With stocks near all-time highs, investors and traders may not be sure how to proceed.
Facebook reports a blowout quarter; shares surge
New home sales come in better than forecast
Caterpillar, Boeing move in opposite directions after earnings reports
(Thursday Market Open) Companies have been generally beating very low expectations during this corporate earnings season. That’s probably why the market is near highs, but it doesn’t seem like the S&P 500’s (SPX) record close earlier in the week generated as much follow-through buying as might have been expected.
With stocks near all-time highs, investors and traders may not be sure how to proceed. But for now, volatility remains muted as investors continue to watch earnings season unfold.
This morning, index futures were mixed. Dow Jones Industrial Average futures took a beating after 3M (MMM) reported earnings and revenue that missed expectations, announced 2,000 layoffs, and cut its 2019 earnings forecast.

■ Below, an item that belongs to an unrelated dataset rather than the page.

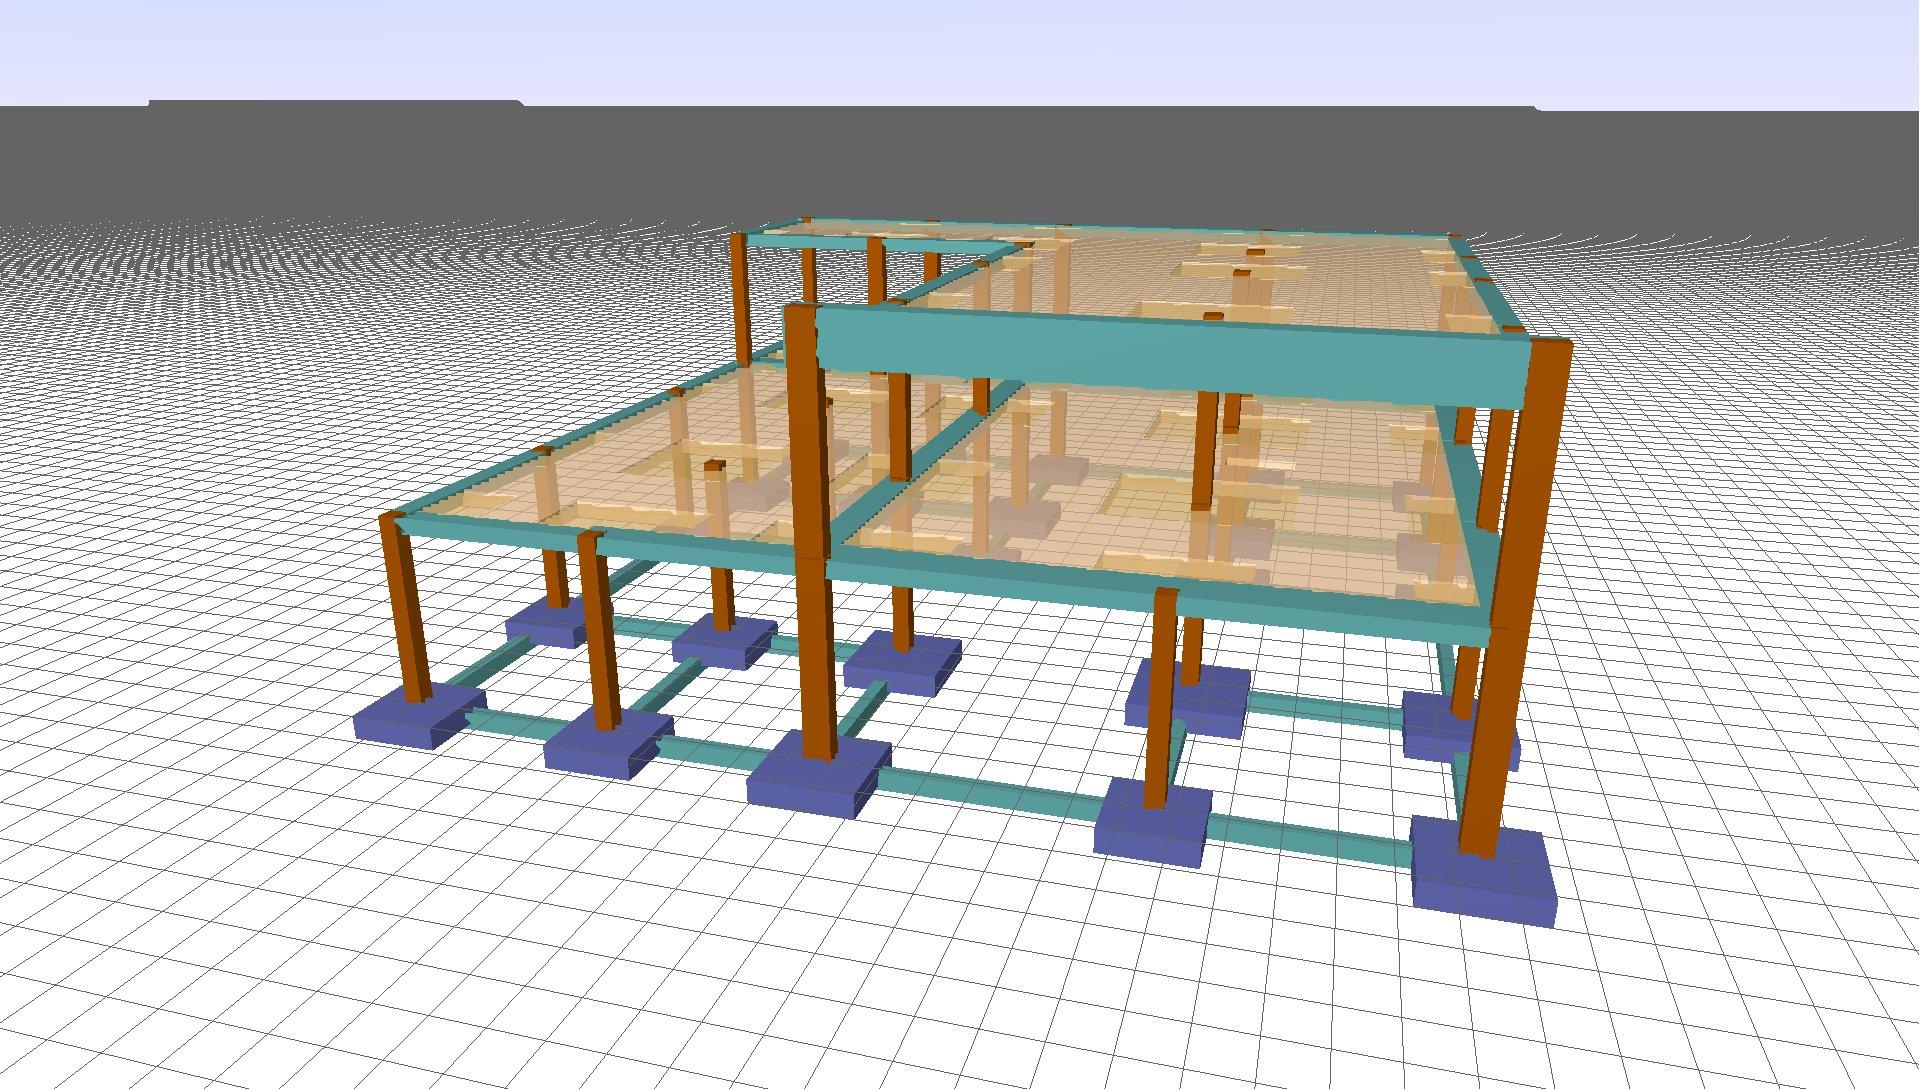 Edificio de oficinas 01 - Proyectos ACCE Ingeniería

But with MMM making up less of the overall mix of the S&P 500, futures for that index were faring better.
And tech-heavy Nasdaq futures were doing the best of the big three index futures after solid earnings reports from Facebook (FB) and Microsoft (MSFT).
FB shares were up more than 8% in pre-market trading this morning after the social media giant reported better-than forecast revenue. The story certainly seems to have shifted from where the company was just a few months ago.
FB said it had 1.56 billion daily active users and 2.38 billion monthly active users. Average revenue per user of $6.42 beat expectations. Facebook, Messenger, and WhatsApp Stories features now have 500 million daily active users.
Meanwhile, MSFT reported earnings and revenue that beat analyst expectations, helped by sales in the company’s cloud business, and Tesla (TSLA) reported a much bigger loss than expected as revenue was less than forecast.
Mixed earnings reports and uncertainty at new highs didn’t leave the market with reason to move higher Wednesday, and all three major U.S. indices ended the day in the red. Participants may also have been keeping some powder dry ahead of earnings from MSFT and FB and with Amazon (AMZN) and Intel (INTC) reporting Thursday.
Investors and traders may have been moving into bonds, as an index measuring German business morale unexpectedly fell. The decline in morale comes amid worries about slowing global growth as the U.S.-China trade war drags on. On that front, the White House said U.S. Trade Representative Robert Lighthizer and Treasury Secretary Steven Mnuchin will head to Beijing for another round of negotiations to begin on April 30 and Chinese Vice Premier Liu He will be in Washington for more talks to start on May 8.
The German data also pressured the euro, even as the dollar got some strength on support from stronger-than-expected new home sales data.
New home sales in March rose to a seasonally adjusted annual rate of 692,000, when a Briefing.com consensus had expected a reading of 646,000. The housing market, which has been hamstrung by affordability issues, was helped by a decline in the median sales price and lower mortgage rates.
The housing data didn’t seem to help stocks too much on Wednesday, as earnings were mixed and energy shares stumbled.
Caterpillar (CAT) beat third-party analysts’ estimates on earnings and revenue and raised guidance, but its shares ended the day more than 3% lower. One of its executives warned the company could lose market share in China, comments that apparently outweighed the strong earnings. The company also reported higher costs that ate into margins.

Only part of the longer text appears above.